Tumor suppressor genes

Tumor suppressor genes code for proteins that inhibit tumor growth. When mutated, they become inactive and tumor growth is allowed. Phosphatase and tensin homolog (PTEN) is a tumor suppressor gene encoding a phospholipid phosphatase, which acts to maintain G1 arrest and enable apoptosis, antagonizing the P13K/AKT pathway. Inactivation of PTEN tumor suppressor gene is the most common genetic defect in type I EmCa. PTEN mutations are found in endometrial hyperplasia suggesting that it is an early event in carcinogenesis and is involved in the early phases of endometrial tumorigenesis [95, 96]. Discrete premalignant phase of EmCa precedes the inactivation of PTEN in up to 83% of endometrial abnormalities. PTEN inactivation may be caused by mutations, deletions or promoter hypermethylation, and decreased PTEN activity causes increased cell proliferation, cell survival and angiogenesis [92].

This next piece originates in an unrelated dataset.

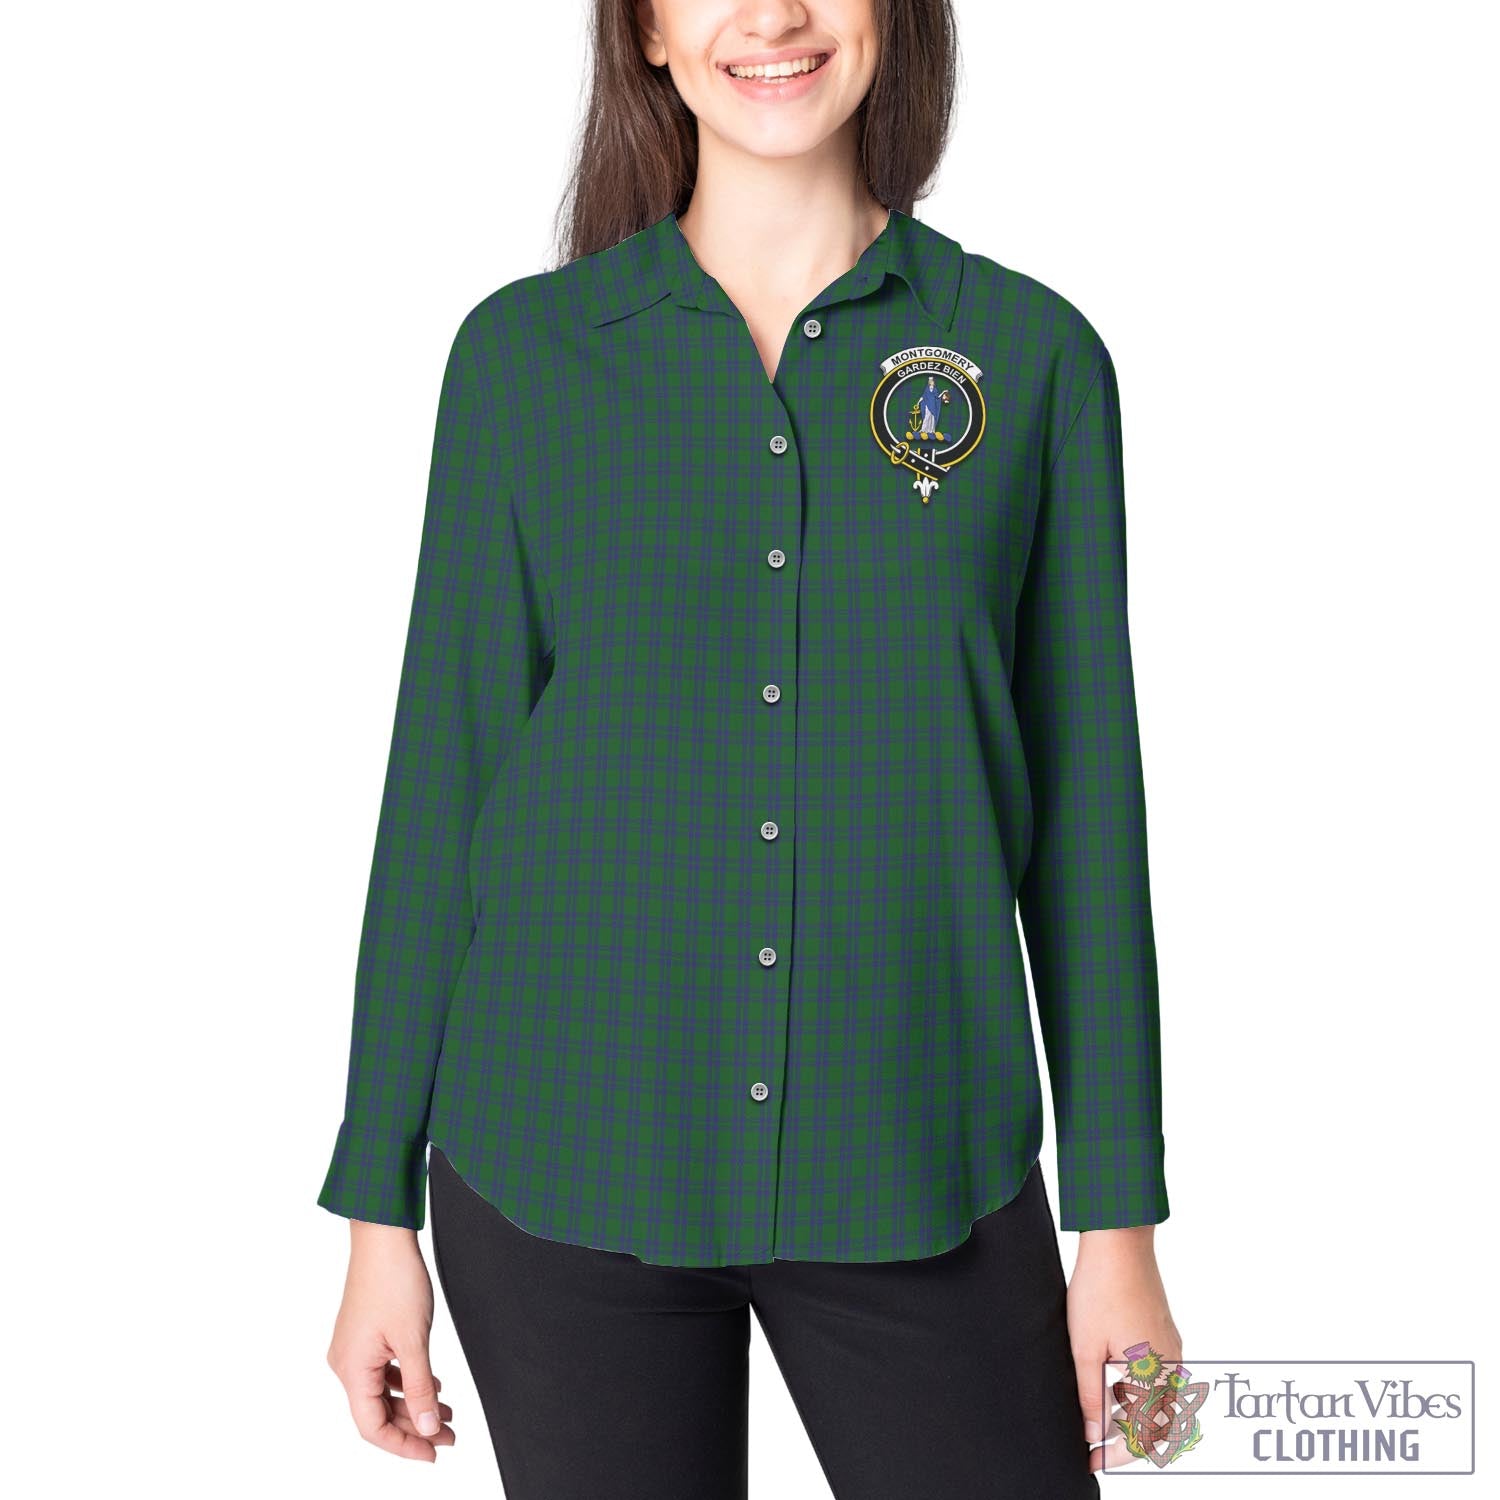 Tartan Vibes Clothing Montgomery Tartan Womens Casual Shirt with Family Crest
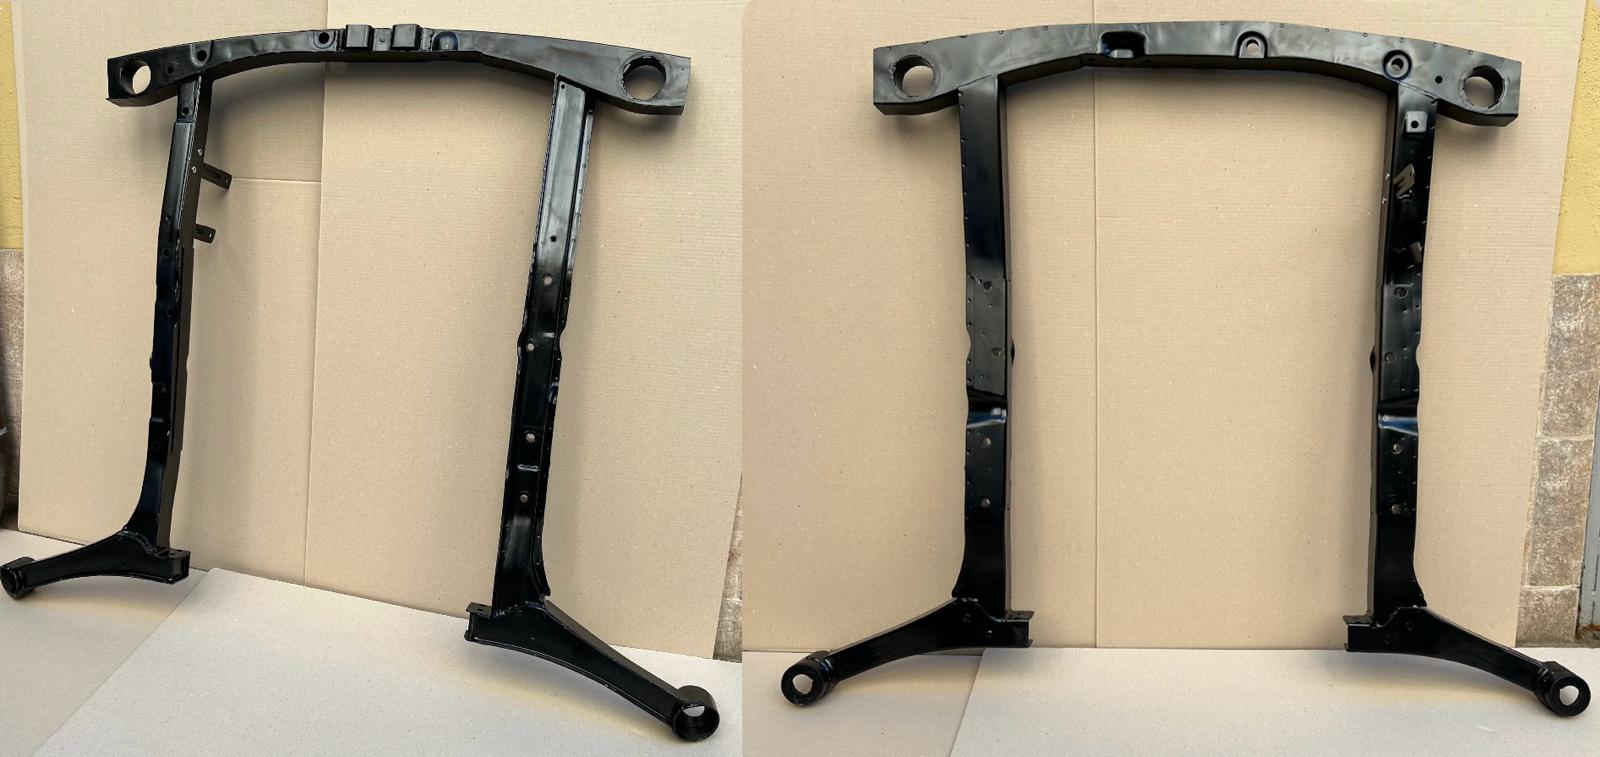 CAV743 - New chassis for Lancia Fulvia Coupè and Berlina. Produced on original Lancia draw. Available also with oil radiator support for first series models. Recommanded for racing purposes.

The serine/threonine kinase Akt (protein kinase B), a major downstream effector of PI-3K and PTEN, is very frequent activated. This occurs in human cancers not only by inactivation of PTEN but also through activation of Ras (a small GTPase family of kinases), PI3K and growth factor receptors [95, 97]. The deficiency of Akt1 has been shown to reduce the development of tumors in endometrium induced by PTEN inactivation in mouse models [98]. Thus, inhibition or ablation of Akt activity could be an approach of prognostic value [99].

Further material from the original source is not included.